Friday, February 19, 2010

Guardian Griddle Cakes

A few posts ago I wrote about stovetop broiling steaks with the "Guardian Service Griddle Broiler," so this time we'll put its "griddle" function to task with pancakes. As Betty Gay waxes nostalgically in the Tested Recipes cookbook, "hot cakes or 'flapjacks,' as we called 'em back on the farm, with plenty of butter and maple syrup will make you feel that this old world's not so bad after all."
I had two distinctly different grandmothers. My father's mother Pauline, who lived "back on the farm" in North Dakota and cooked three large meals for the family and farmhands every day, had a more practical approach to cooking. My maternal grandmother, Muriel, was a professional musician and an excellent cook with a few "signature dishes"—and blueberry pancakes was one of them.
Muriel and Grandpa Ken rented a summer cottage in Rhode Island each year and when blueberries were at the peak of season she'd whip up memorable batches of those pancakes: light and fluffy but crisp and riddled with fresh berries running with juice that stained the cakes purple. Of course, she fried them stovetop in a quarter inch of oil in a cookie sheet... but as a once or twice in late summer treat, they were magical.
Andrew and I do our best to buy locally, seasonally and organically grown foods (or whichever of the combination we can find or afford) and while it's far from blueberry season, I have to admit a moment of weakness recently when Chilean blueberries showed up at our local grocer.

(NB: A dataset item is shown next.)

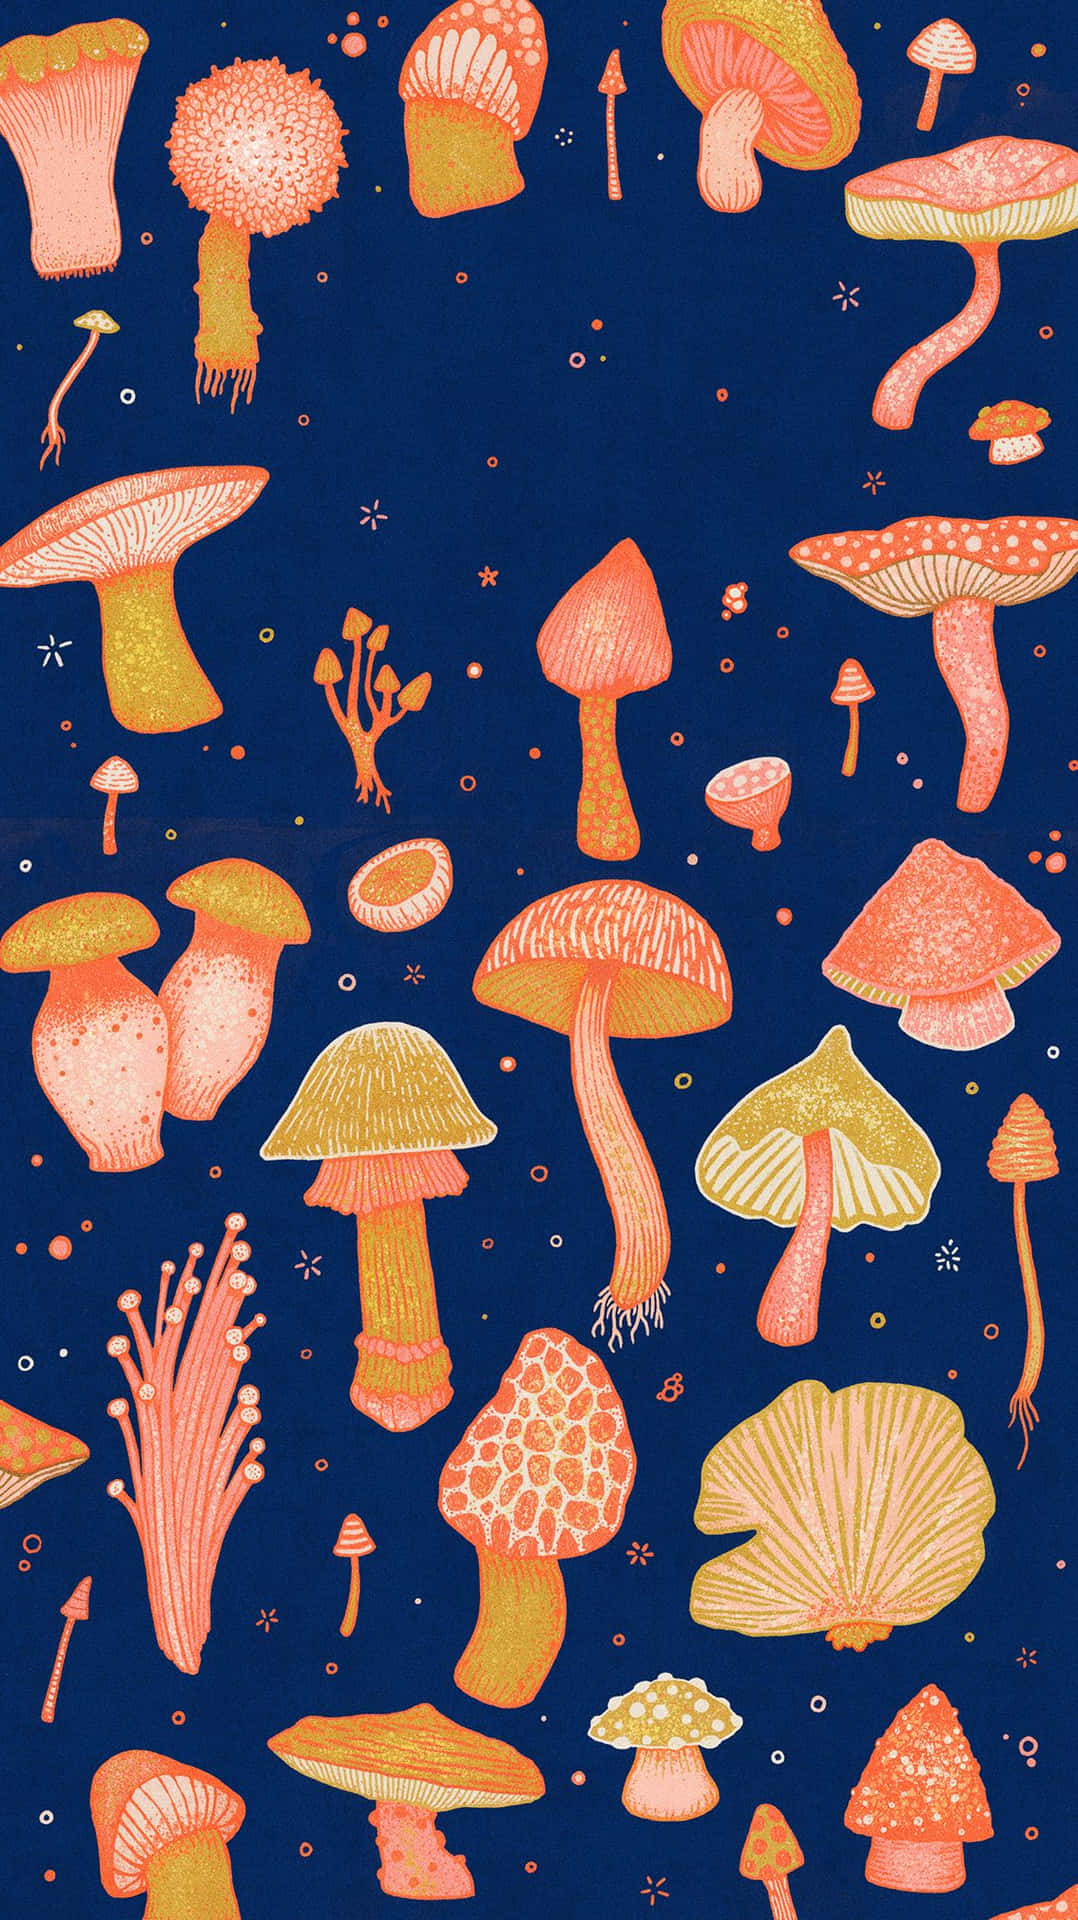 Unlock Nature's Power with the Mushroom Phone Wallpaper

A few days of unseasonably hot weather this week made it feel like summer and seeing those berries on sale made me long for Muriel's pancakes and ... I snapped. Fretting about the carbon footprint of this "inexpensive" pint of blueberries, I bought them anyway. In retrospect: I'd have been better off with a handful of chopped apple... fruit that's been shipped or stored or ripened out of season is always a disappointment and never ends up being "worth it." But sometimes these lessons have to be relearned...

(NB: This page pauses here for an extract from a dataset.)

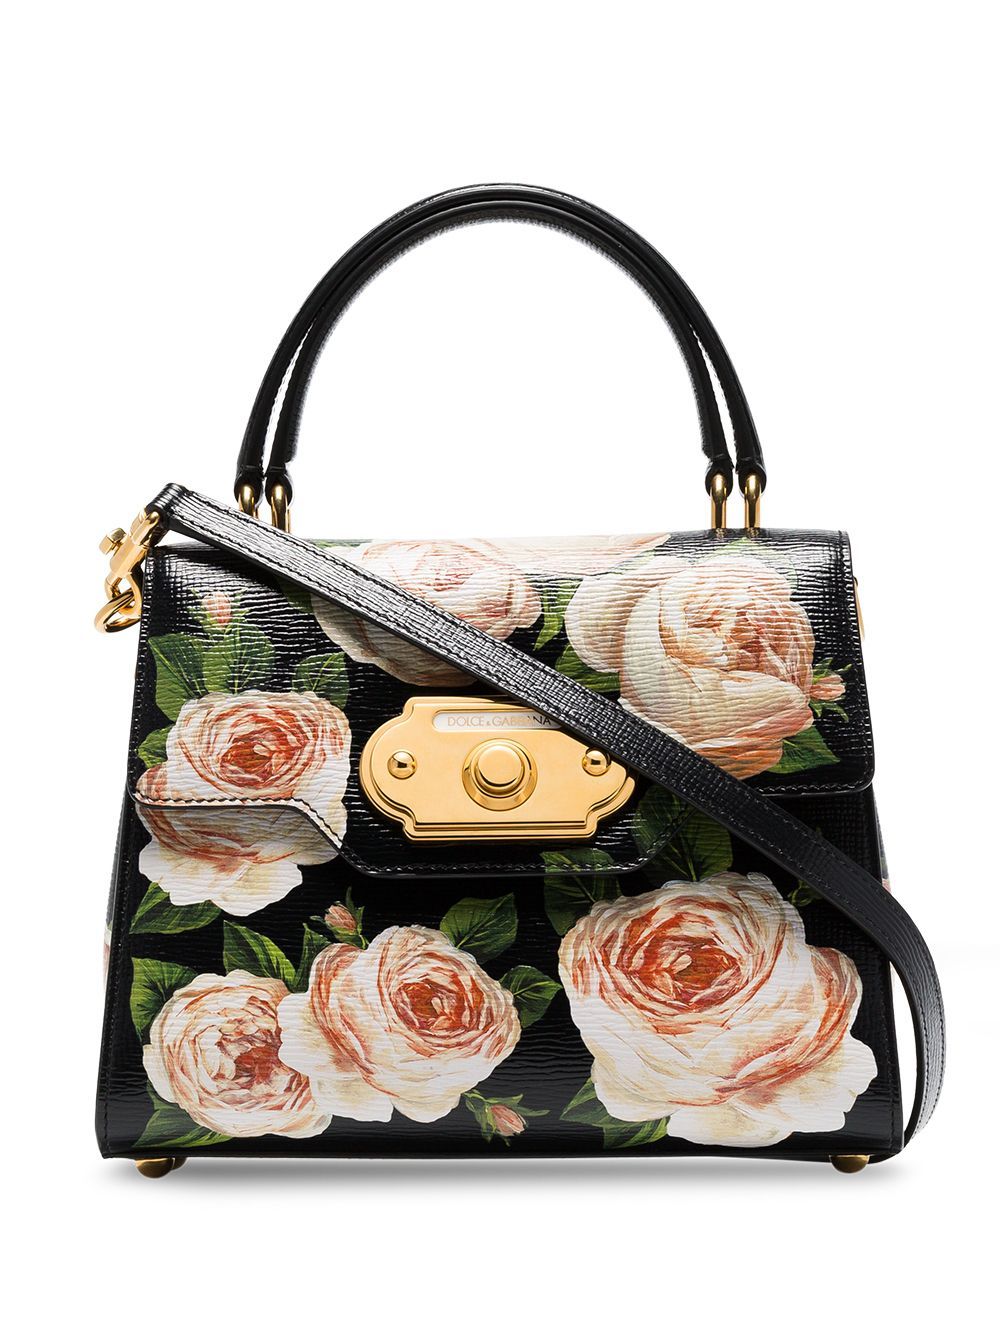 Dolce & Gabbana black Welcome Rose print leather shoulder bag | FarFetch US

There's nothing unique about the GS pancake recipe (just make sure the baking powder is still active; test by pouring some hot tap water over a half teaspoon of baking powder—if it bubbles, it's still fresh enough; if not, the pancakes won't rise). What's crucial here is technique: the timing and the griddle heat.
Who needs Teflon? The trick to non–stick cooking on the Guardian Service Griddle is the heat. To prevent pancakes from sticking and burning, first warm the griddle for 5-7 minutes on a medium heat (1/2 flame on a gas stove) then test with a bit of cold water. I wrote about this "water test" in the steaks post, but I've taken a few more pictures to show you another example of the "dashing around like mad" effect mentioned in the cookbook: when the griddle is at optimum heat a bit of cold water poured on the griddle will retain it's shape, like globules of mercury rolling across the surface. If the water spreads out and sizzles, it's not quite hot enough and if it evaporates instantly it's too hot. Just set it off the heat for a few minutes.
"No need to worry about overtaxing the family's digestive system because Guardian hot cakes are baked—not fried in grease," notes Gay in the intro to "Hot Cakes... without grease or smoke." In effect, you are "baking" the pancakes on a greaseless griddle and, as with all GS cookware, the aluminum evenly distributes heat so you can cook 5 or 6 average-sized (not IHOP big-as-your-head sized) flapjacks at a time.

Timing: when bubbles appear on top, break and hold their shape, the under side has browned. Using a spatula, flip and brown other side. Place cakes in a pre-heated GS unit until ready to serve (keep the cover ajar so the steam escapes and they don't get soggy).
Makes 2 dozen (approx 4" in diameter)
NOTE: If you're not feeding an army, use 1 egg and halve the remaining ingredients for a dozen.

2 cups flour
4 tsp. baking powder
1 tsp. salt
2 Tbsp. sugar
1 egg, beaten
1 1/2 to 1 /3/4 cup milk (according to desired consistency)
2 Tbsp. melted butter
  1. Sift together flour, baking powder, salt and sugar.
  2. Combine beaten egg and milk.
  3. Stir into dry ingredients, adding more milk if thinner cake is desired.
  4. Blend in melted butter. (Optional: fold in 1 cup of chopped fruit (apples, bananas, blueberries in season...)
  5. Preheat griddle over medium heat, test for temperature and bake cakes as directed above.